I have to disagree in part. Although not being mentioned explicitly in the OP, I assume we're speaking about a format for the game and not one for the development stage. Here are my 2 Cents:
File formats like XML in general, Collada, OpenEXR, ... are good for development, file exchange, and (in the case of XML) for my part also for configuration. They are application file formats, so to say. They are less suited as file format for games, although they can be used there, of course. The reason is that they tend to be bloated, are needlessly complicated to be parsed, and hence have a negative impact on memory footprint and execution duration.

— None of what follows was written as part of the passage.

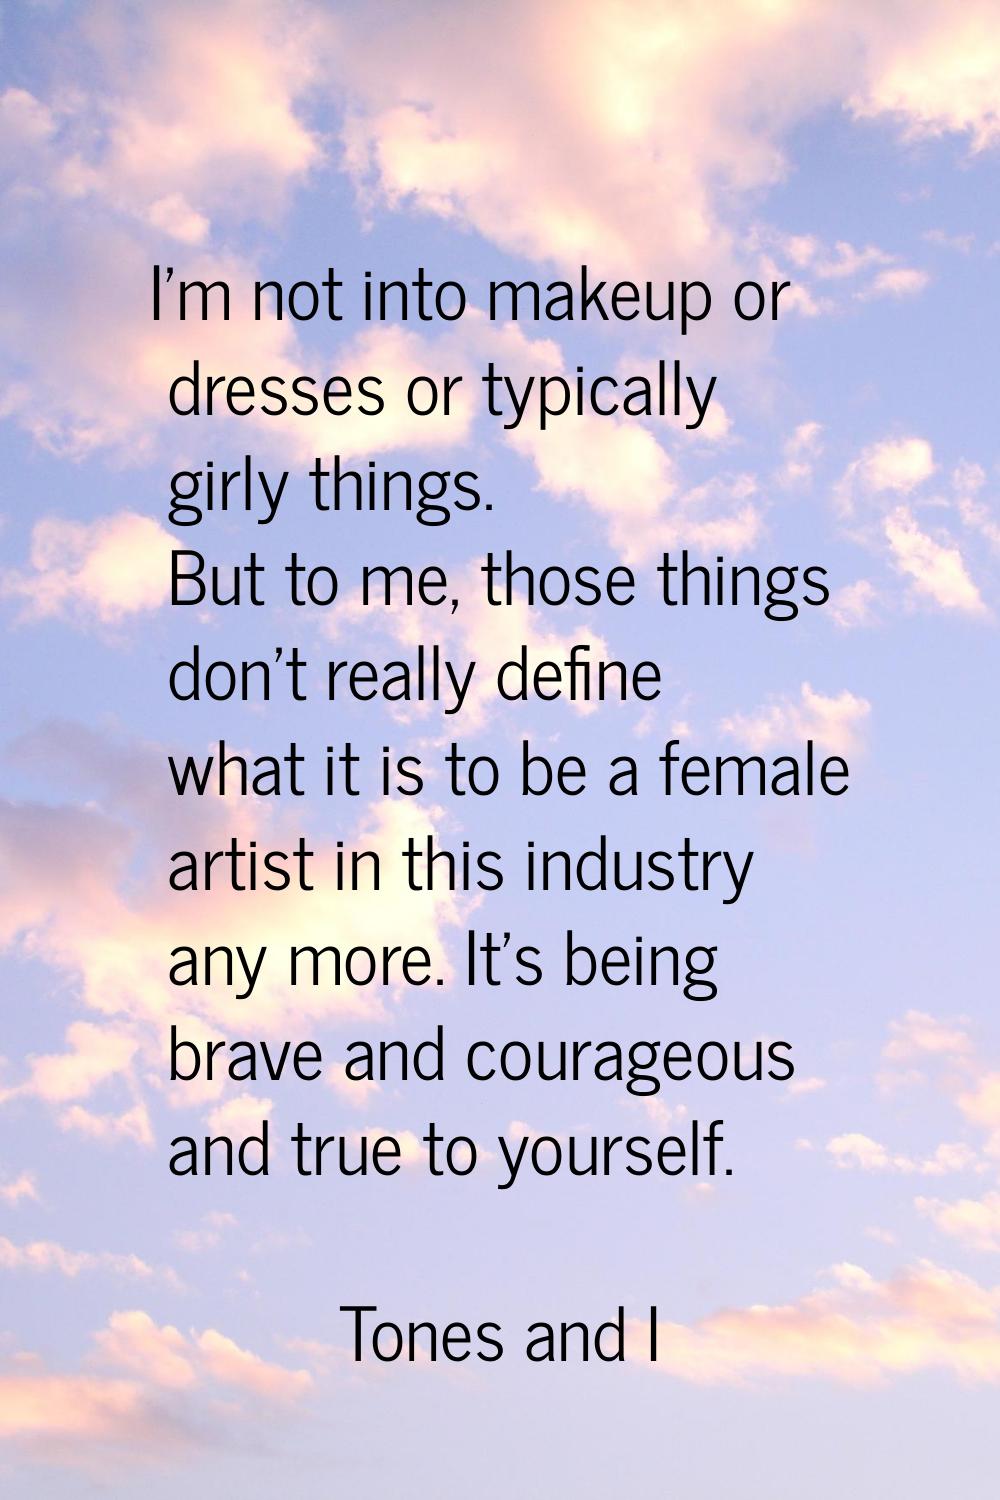 I'm not into makeup or dresses or typically girly things. But to me, those things don't really defi

But we want to get rid of e.g. load screen, don't we? Well, to overcome this issue, games usually have their own file formats. These are binary, compact, with as less need for interpretation as possible, perhaps even packed to enable better streaming performance. A good example is BitSquid. There is also an article at Gamasutra; unfortunately I don't find it ATM. There are also a dozen or so threads here on GDnet that discuss this topic. I mean, would someone use NetPBM P3 format because it is human readable? A big No. Instead, we want textures even to be compressed already on disk, and complain that Khronos had let passed so much time until compressed textures could finally be loaded directly.
Back to dialogs! Dialog is a topic I'm currently concerned with in depth, because I'm just now developing an interactive, non-linear graphics novel system with, of course, locale support. Text itself is just one side of the problem. Embedding it is another.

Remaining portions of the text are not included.